Exercise: In the records below, the relevant part opens with the line containing "Federico Zegna Cloth" and closes with the line containing "Fight breaks out"; print that part exactly and only, without its pictures.

Extracted material:

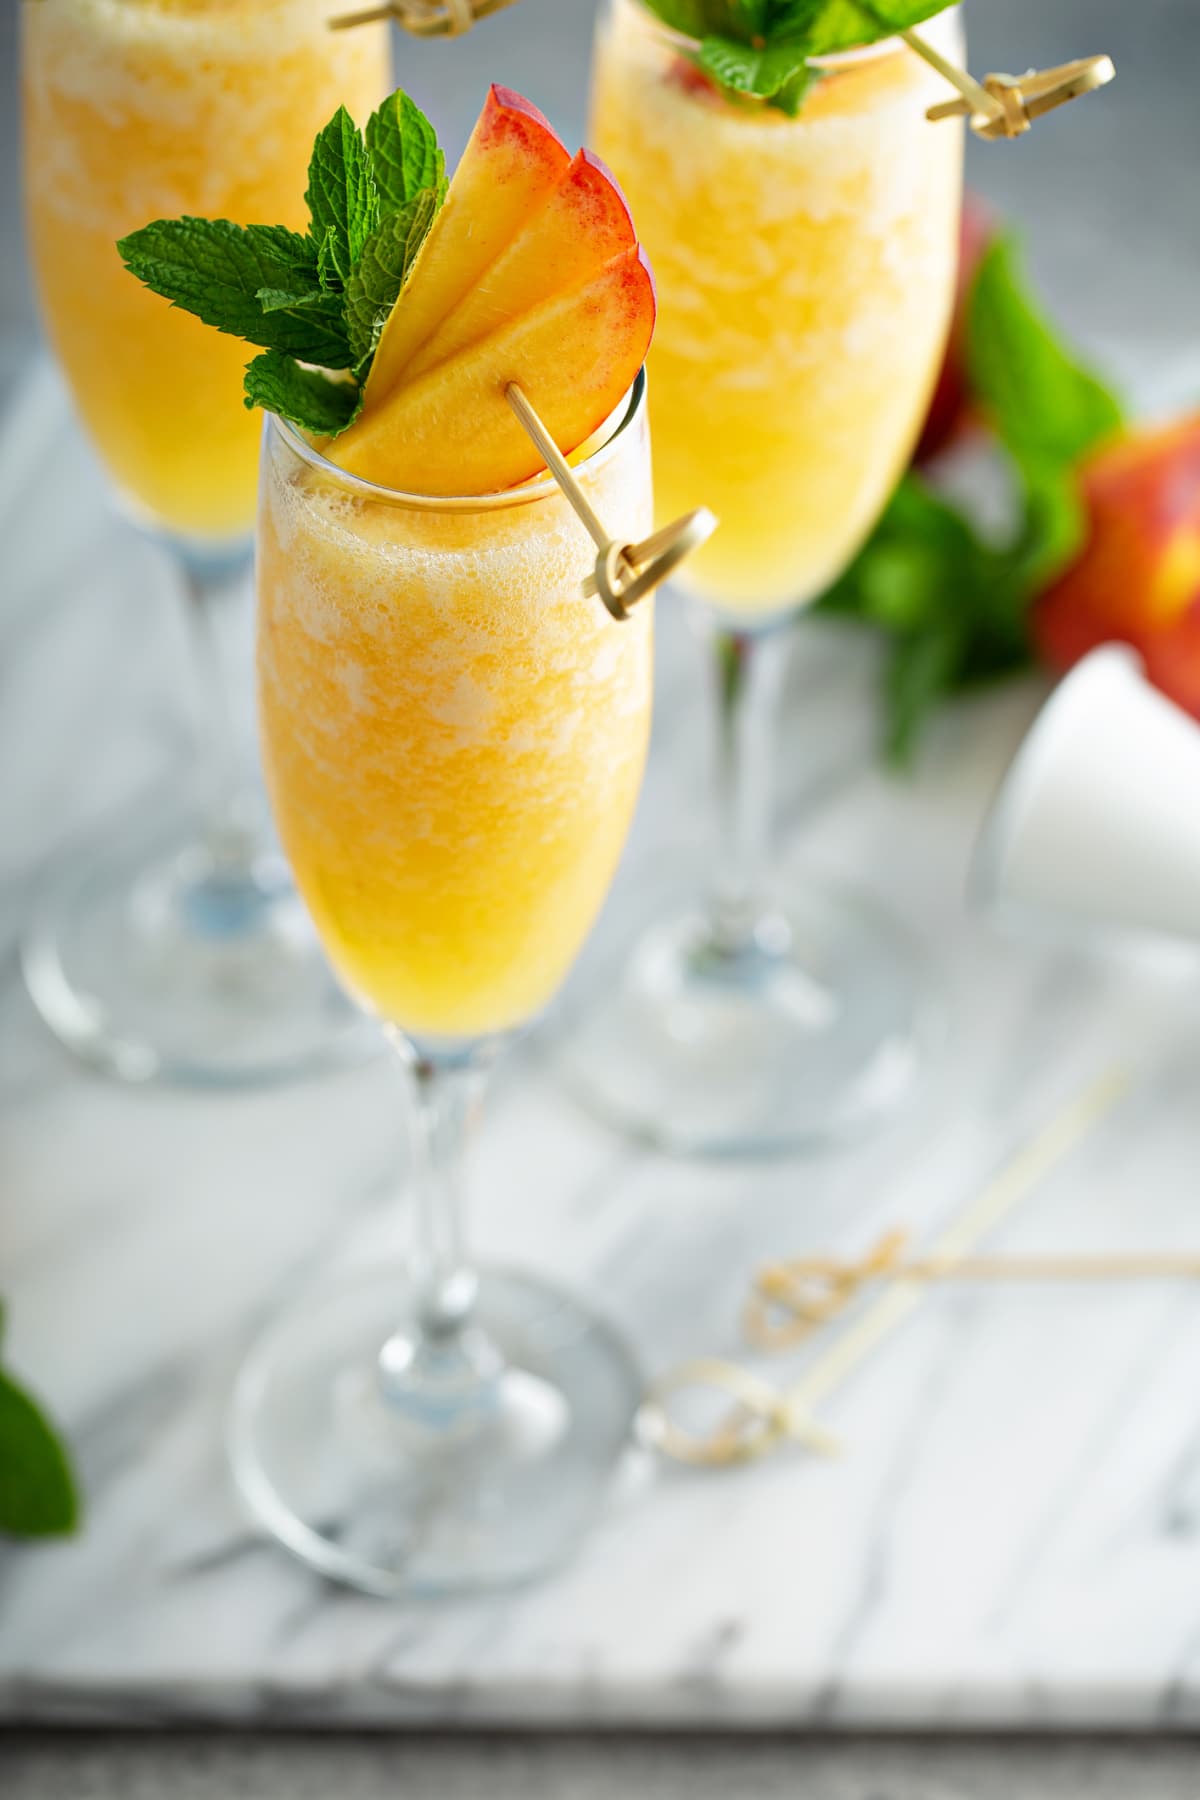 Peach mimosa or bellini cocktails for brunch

...

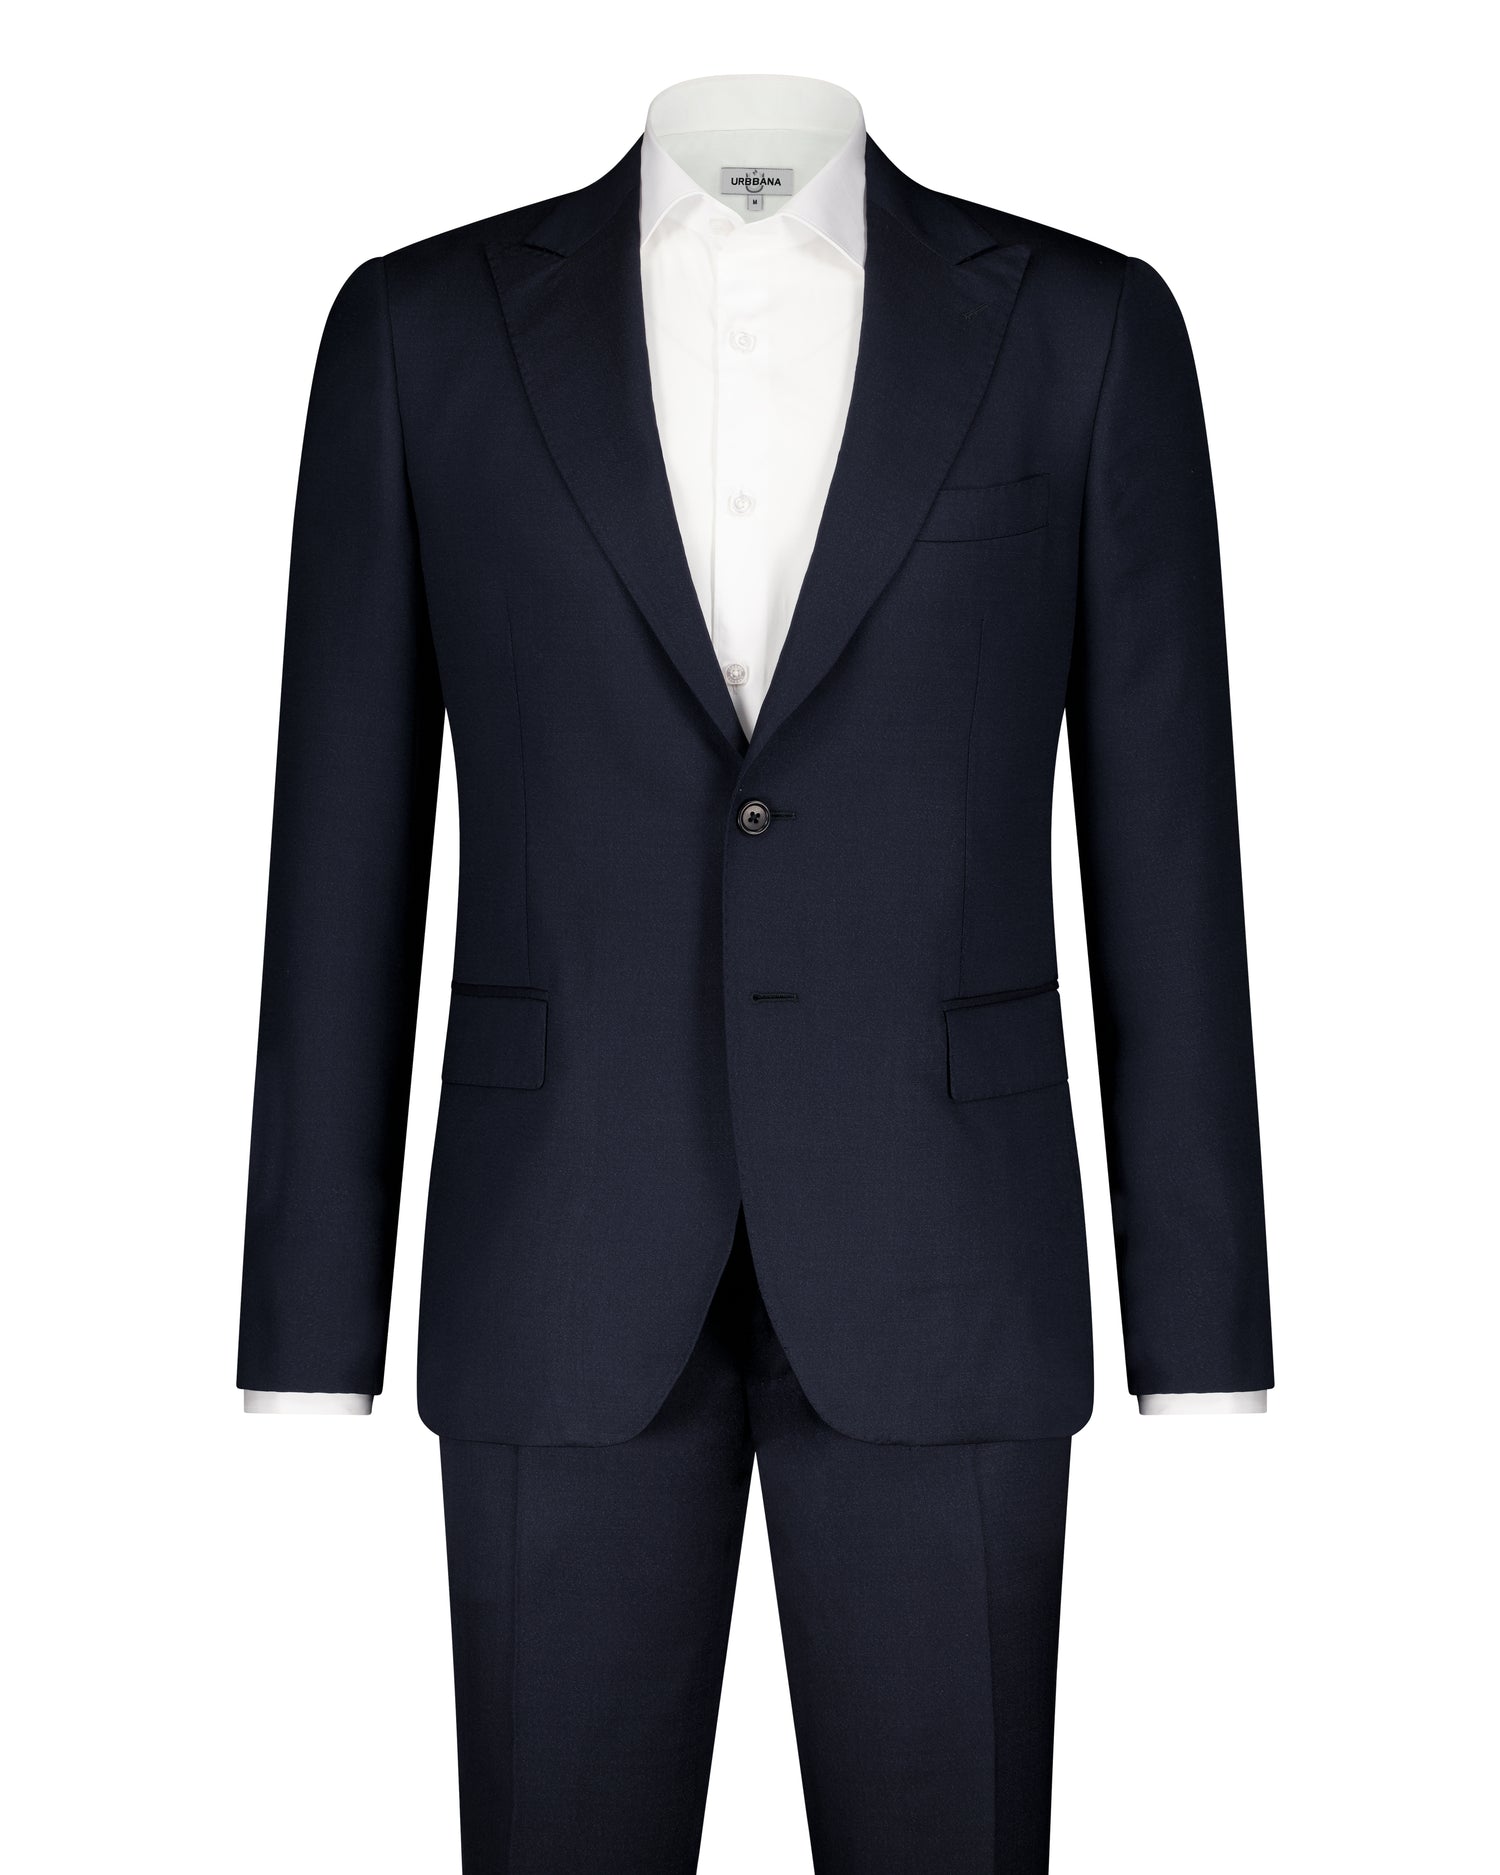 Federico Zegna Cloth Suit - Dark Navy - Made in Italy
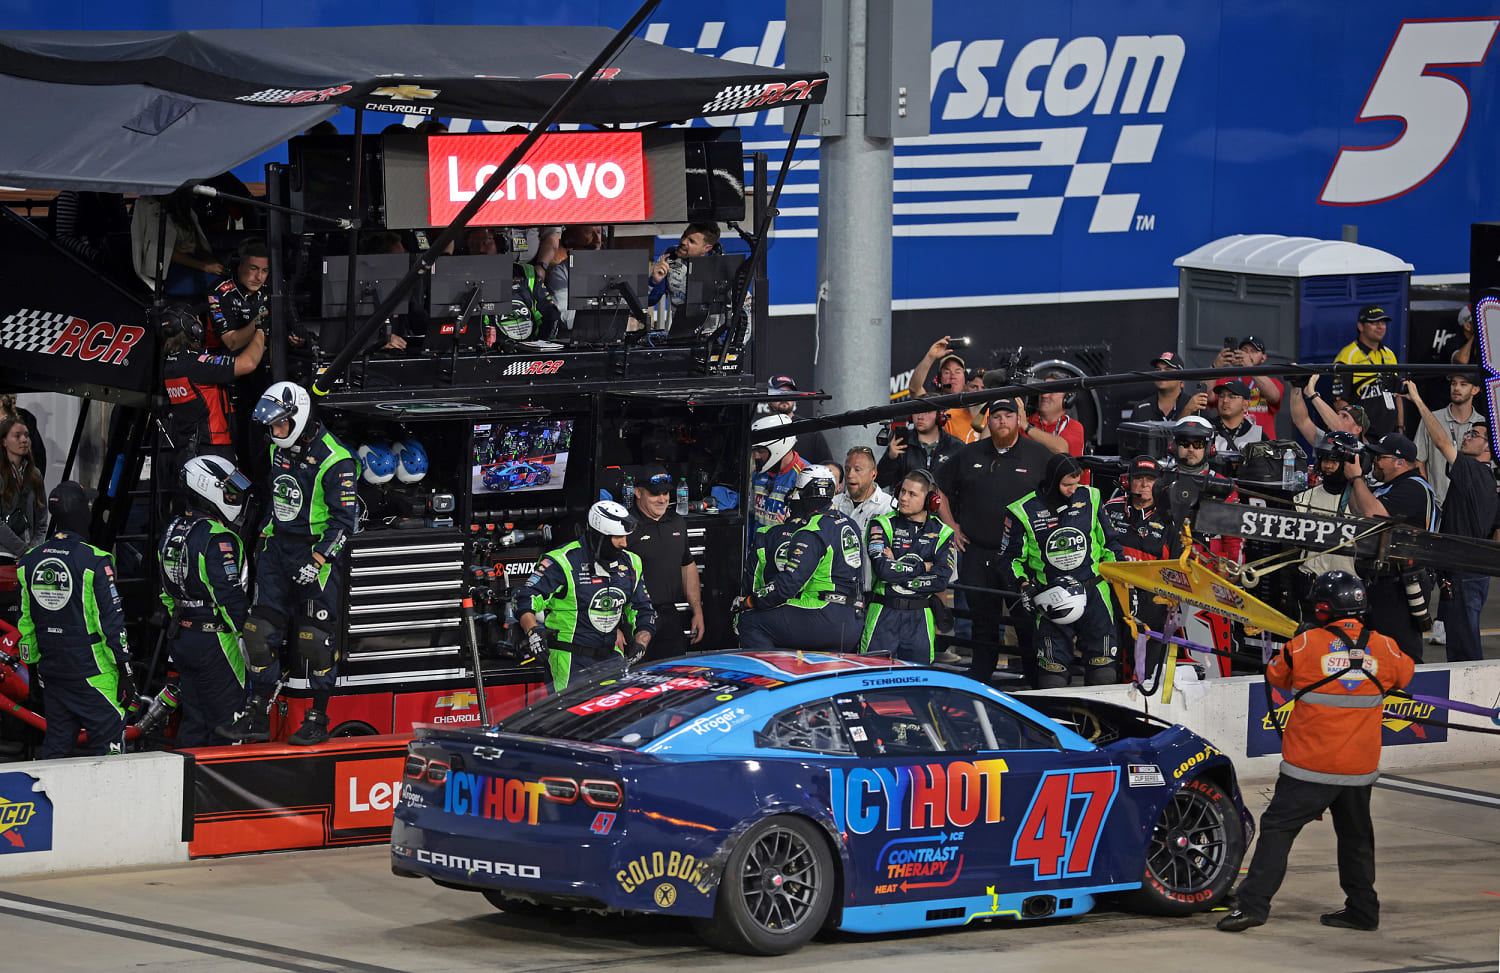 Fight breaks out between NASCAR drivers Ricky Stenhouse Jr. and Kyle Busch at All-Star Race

Result of the task:
 Federico Zegna Cloth Suit - Dark Navy - Made in Italy
 Fight breaks out between NASCAR drivers Ricky Stenhouse Jr. and Kyle Busch at All-Star Race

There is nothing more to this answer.